Lululemon shares have dropped sharply despite a decent set of Q3 numbers. Net revenues came in at $1.86bn, a rise of 28%, while profits came in at $2 a share. For Q4 the company was much more bullish given the lead-up to Christmas with earnings of $2.61bn to $2.66bn, which was slightly at the lower end of forecasts. Gross margins also slipped during Q3, slipping to 55.9%, while inventory levels rose 19% in the quarter to $1.74bn.

Carvana shares have continued to fall as negotiations continue with respect to sorting out its debt problems   

Netflix shares have edged higher after being on the receiving end of two broker upgrades which raised the price target to circa $400.


The US dollar pushed to the highs of the day after US PPI came in higher than expected for November, at 7.4%. While disappointing that we didn’t see a softer number than forecast, it doesn’t change the fact that the direction of travel remains intact, and that inflation pressures have continued to ease. Just because the speed of the slowdown is lower than expected, it still doesn’t change the direction of travel and with crude oil prices now in negative territory for the year, sometimes it's more about the destination than the speed with which you get there.

Against today’s choppiness we’ve seen the pound and the Japanese yen edge higher, with the pound once again struggling to overcome the 1.2300 area against the US dollar.

The euro also had another crack at the 1.0600 area before slipping back again.    

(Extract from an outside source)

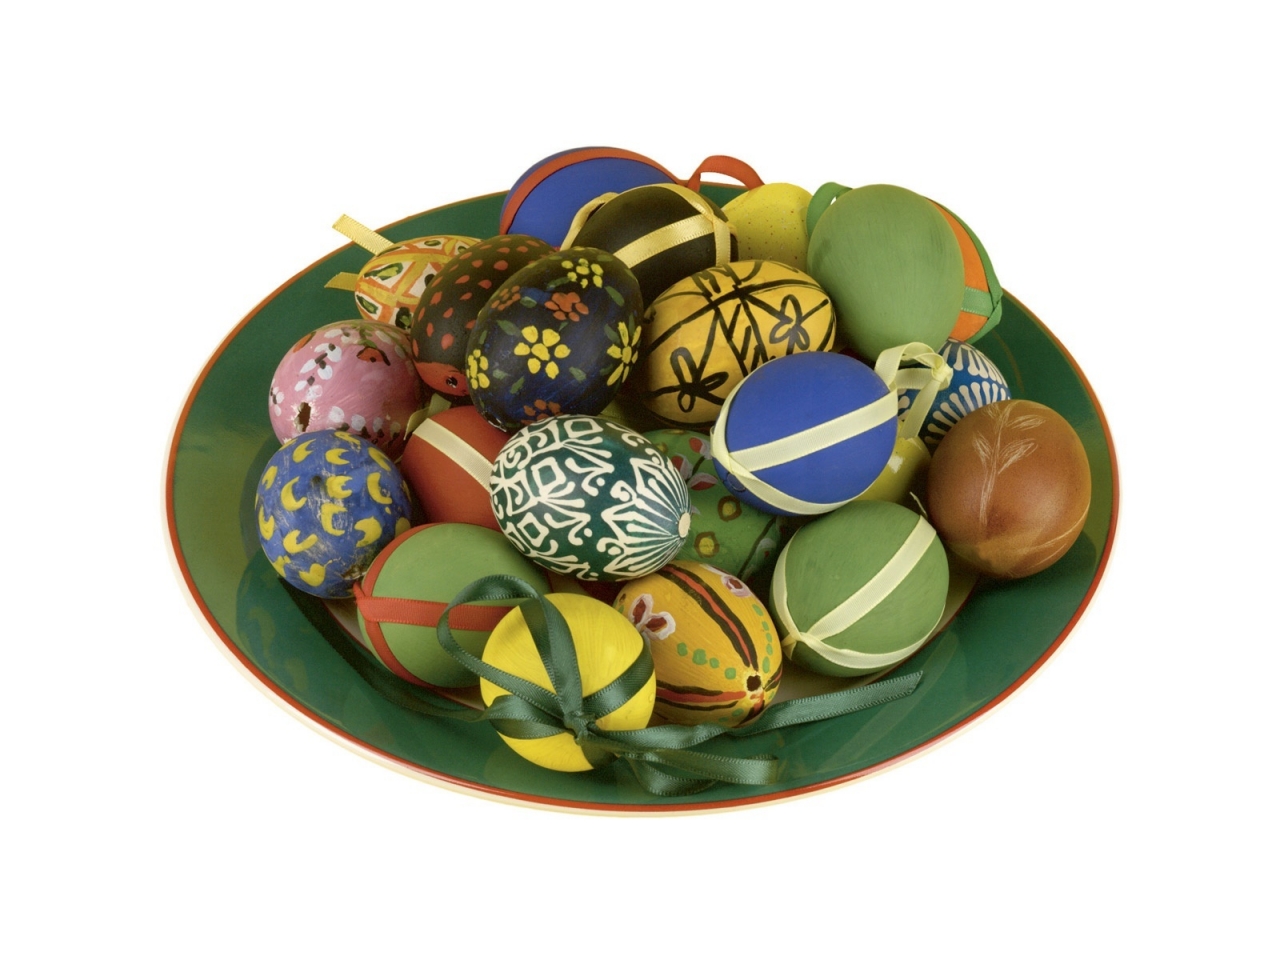 Enjoy Easter Eggs for 1280 x 960 resolution
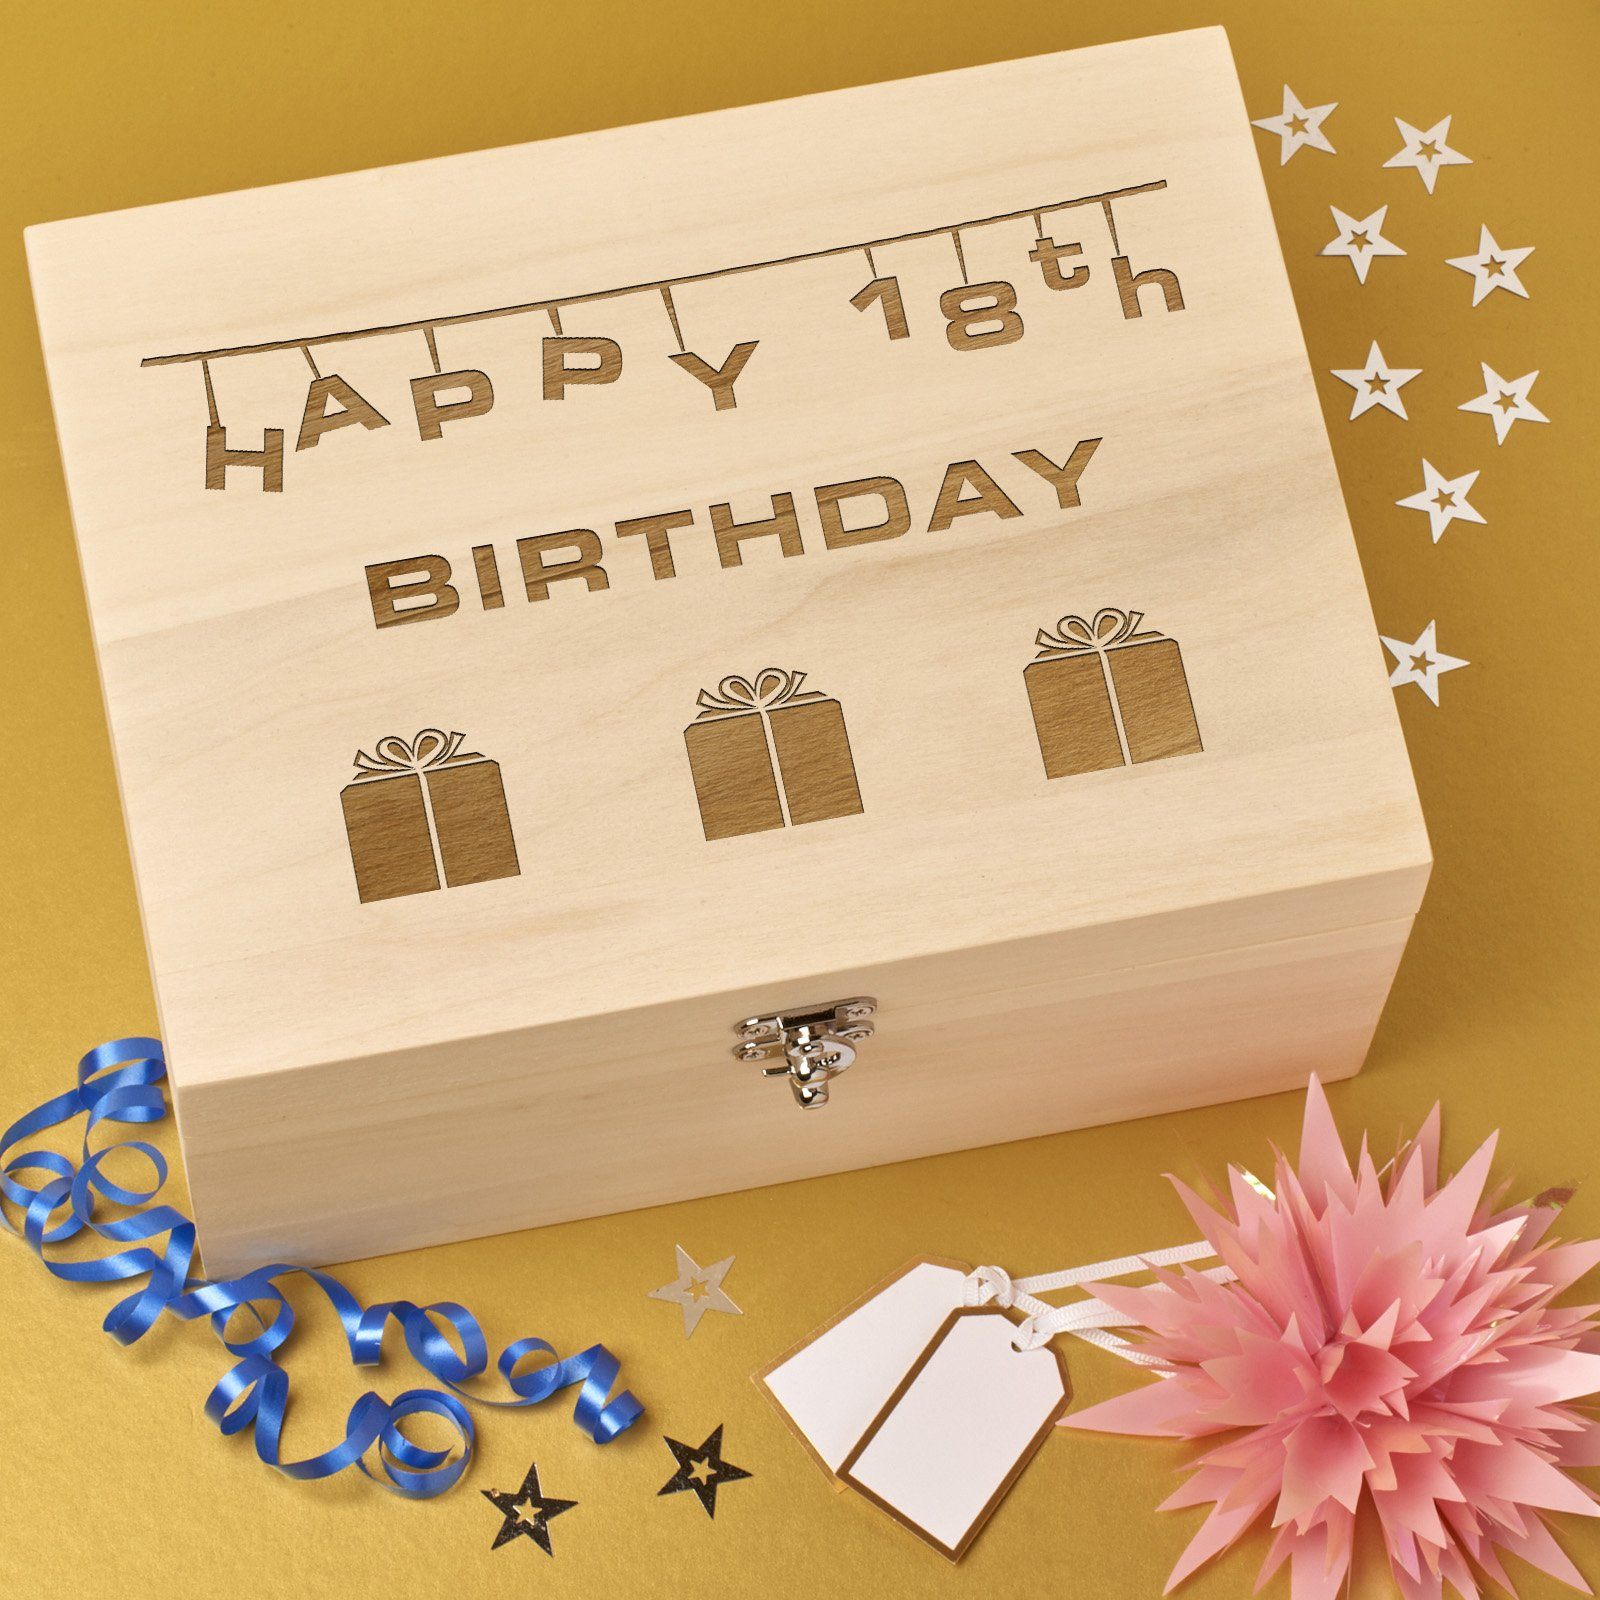 Christening Box - Laser Engraved Wooden Memory Keepsake Box With Hinged Lid - 18th Birthday Design

Crude oil prices have rebounded off their lowest levels this year after Russian President Putin said that Russia might look to cut output in response to the energy price cap. Today’s modest rebound however doesn’t change the fact that oil prices are now well below the levels they were at the time of the Russian invasion of Ukraine.

Gold prices have had another quick look above the $1,800 level after the latest US PPI numbers, but have since retreated from the highs of the day as 10-year yields edge up and away from the 3.5% level.